Updated: Apr 30
THE MOST COMMON MISTAKE WHEN CONDITIONING FOR COMBAT SPORTS
Being able to “go the distance” in a 12 round boxing match or any other combat sport competition, requires bulletproof conditioning. In one of my previous posts I was talking about developing aerobic capacity, as a basis for conditioning fighters. However, that’s just one piece of the puzzle. Aerobic metabolism determines the upper limits of performance as well as recovery in between efforts. But what about the high intensity efforts a fighter needs to perform over and over during a round? Well, that’s where all the gruelling heavy bag and pad sessions come in place.
Don't be that guy
Hitting the pads or the heavy bag round after round will definitely increase your endurance and anaerobic conditioning. However, you need to make sure that you’re doing things the right way. One of the most common mistakes I see people make is separating technical work and conditioning.

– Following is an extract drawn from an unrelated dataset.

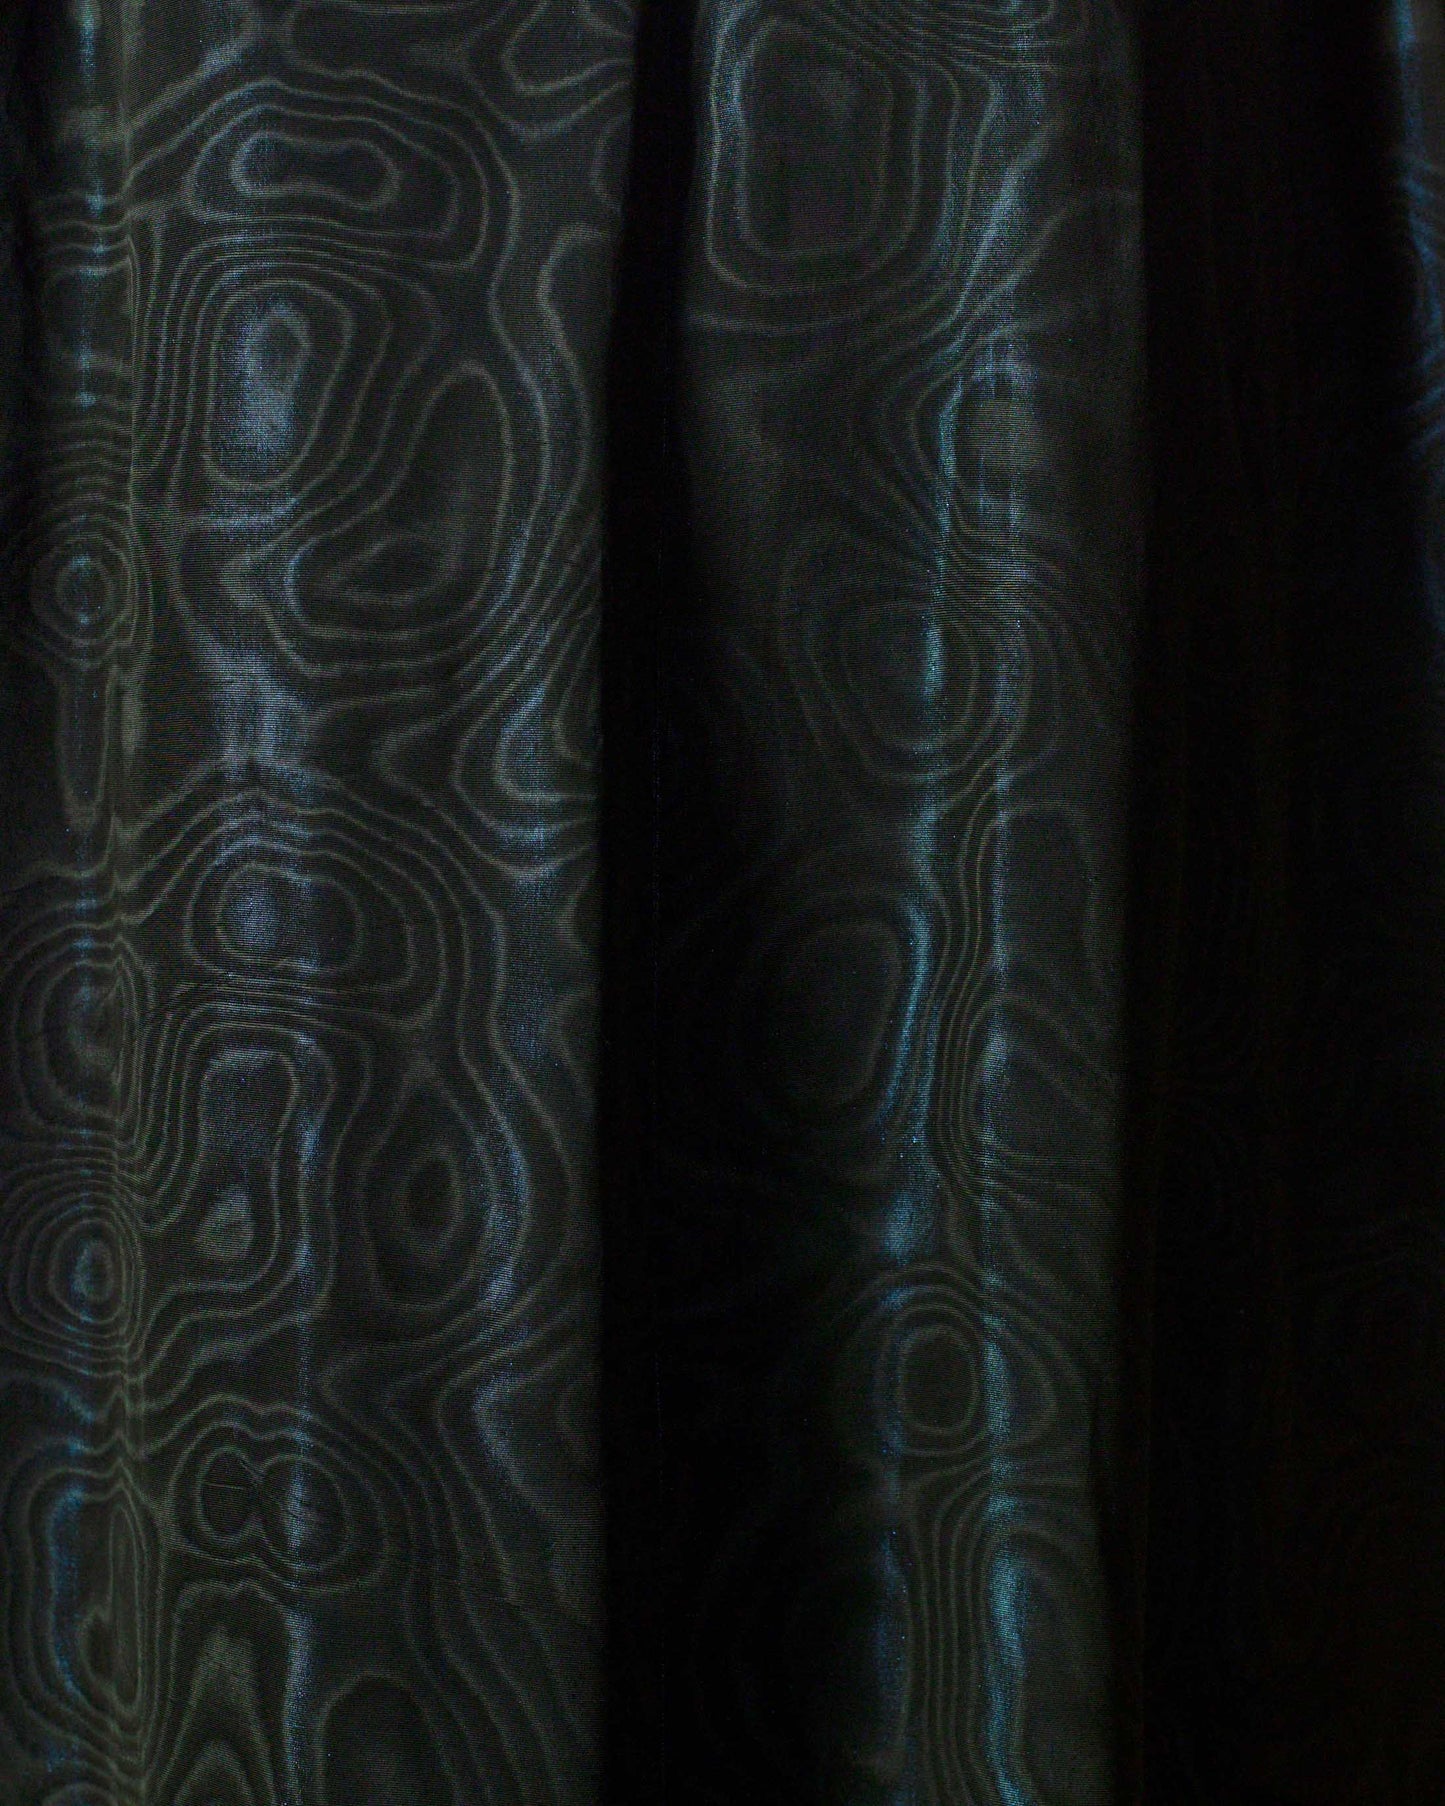 FALLON-robe-saintlaurentrivegauche-noir-bleu-satin-vintage-luxe-rare-mode-collection-femme00005

It means that during sessions that are dedicated to technique, they focus on learning and practising new skills. And when it’s time for conditioning, they allow all that technique to go down the drain in favour of going berserk on the heavy bag. The explanation being, “I’m just working on my conditioning today, not skills” or something like that. If only the body worked that way…

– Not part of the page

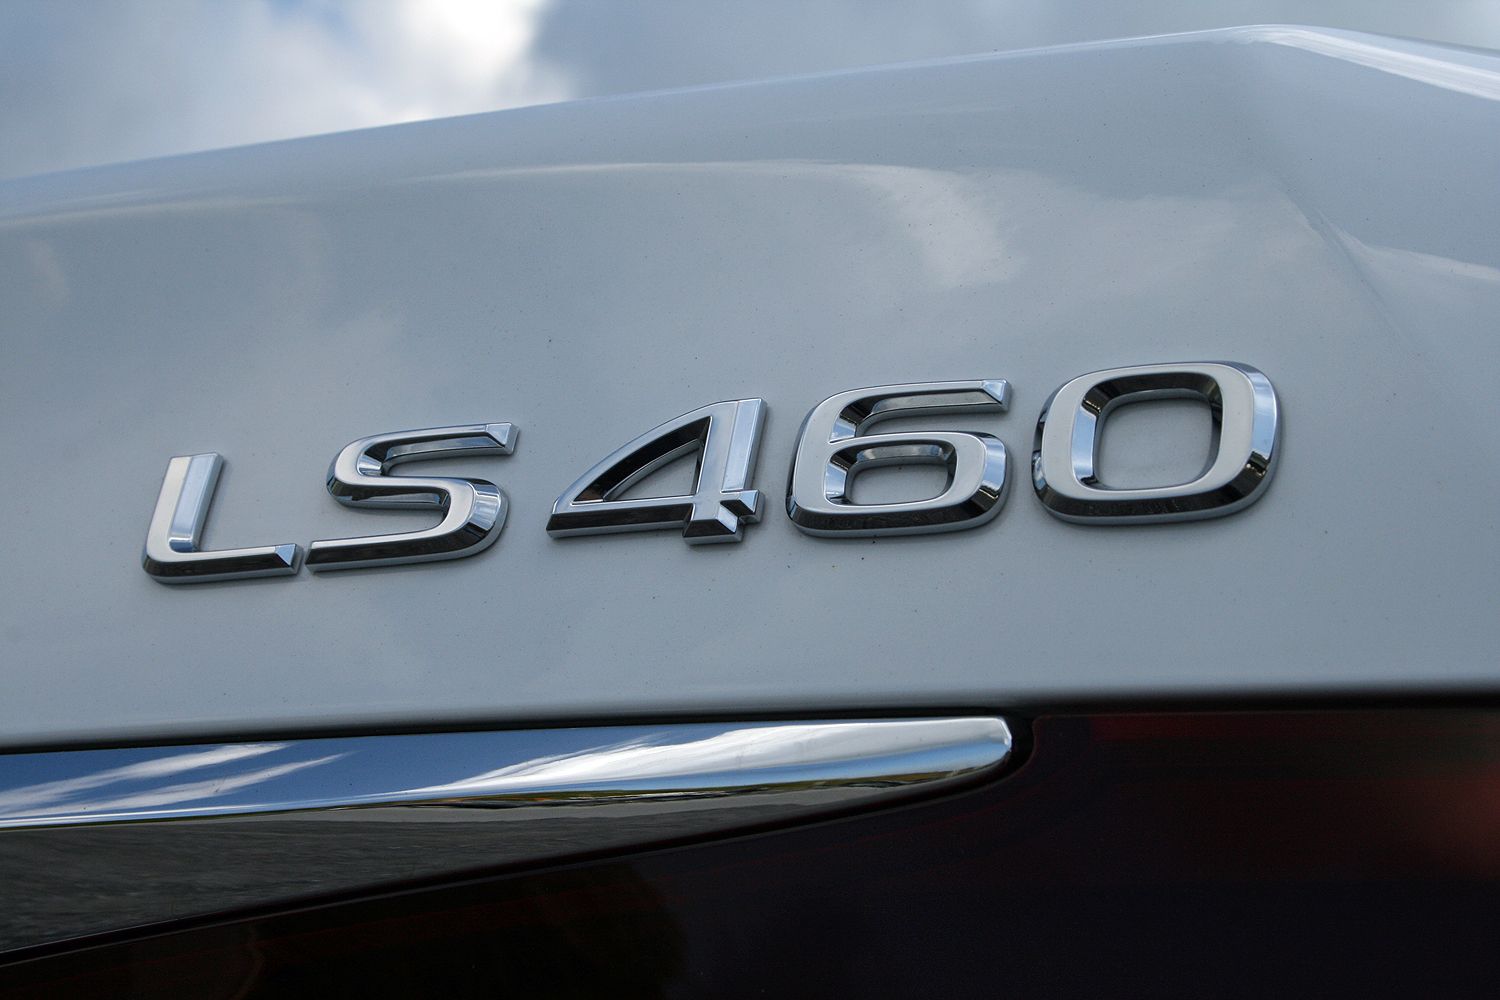 2015 Lexus LS460 F Sport - Driven

How to progress 10 x faster
Performing good quality movements is the basis for high performance in any sports. And learning movement patterns requires repetition. A lot of repetition. Repeating a movement with sloppy form under the excuse of focusing on conditioning will engrave a faulty movement pattern that’s going to be be very difficult to re-programme. It is much easier to learn a movement pattern correctly from the beginning, than to alter a pre-existing faulty habit. And here’s exactly how much easier: according to Schmidt (Motor control and learning), it takes approximately 300-500 repetitions to develop a new motor pattern. Conversely, it will take about 3000-5000 repetitions to rewrite and correct an already existing motor pattern! So think twice (or rather 10 times) before you let your form slip during those all-out conditioning rounds. By focusing on doing it right all the time, you will progress 10 times faster.
Stick to the good old techniques or turn it down
I understand that, as fighters, we are conditioned to turn up the intensity to a maximum, and that’s all right, as long as you’re doing it in a smart way. When performing endurance drills on the pads or the bag, make sure to chose the techniques that you are familiar with and can maintain good form on automatically, even when you get tired, rather than trying to throw a thousand repetitions of a strike you just learned yesterday. Second, if you notice you’re form is breaking down, it is better to slow down than to continue with a sloppy technique. Leave your ego at the door, turn down the intensity and continue to perform good quality movements. Never compromise technique for intensity!
It is not easy to maintain good form when you’re under fatigue. It is something that has to be learned and so it is necessary to practice your skills when you are tired. Just be careful not to cross the line and start repeating sloppy movement patterns.
You’re only cheating yourself
Many people believe that “cheating”, or performing a movement incorrectly will make it easier. This is a misconception. It might feel easier because you’re no longer focusing intensely on keeping good form. However, in reality bad form leads to inefficient movement which, in turn, leads to energy waste. Focusing on your form makes your body move in the most efficient way, with the least energy expenditure. On the other hand, bad form leads to decreased movement efficiency, and a lot of energy being wasted. So you’re not really making your task easier. All you’re doing is wasting energy, while engraving faulty movement patterns that are going to be really hard to correct later.
Train smart, not hard?
I believe a better saying would be train hard, but smart. No fighter wants to hear “Don’t train hard”, right? That’s why we chose this sport after all, to train hard. But that doesn’t justify not training smart. Don’t think that technique and conditioning are two separate things. Don’t repeat bad movement patterns, unless you want to end up performing thousands of corrective repetitions. Skills are hard earned habits, and it is the habits, the automatic movements, that emerge in the ring, when you get tired.
Excellence is not an art. It is the habit of practice.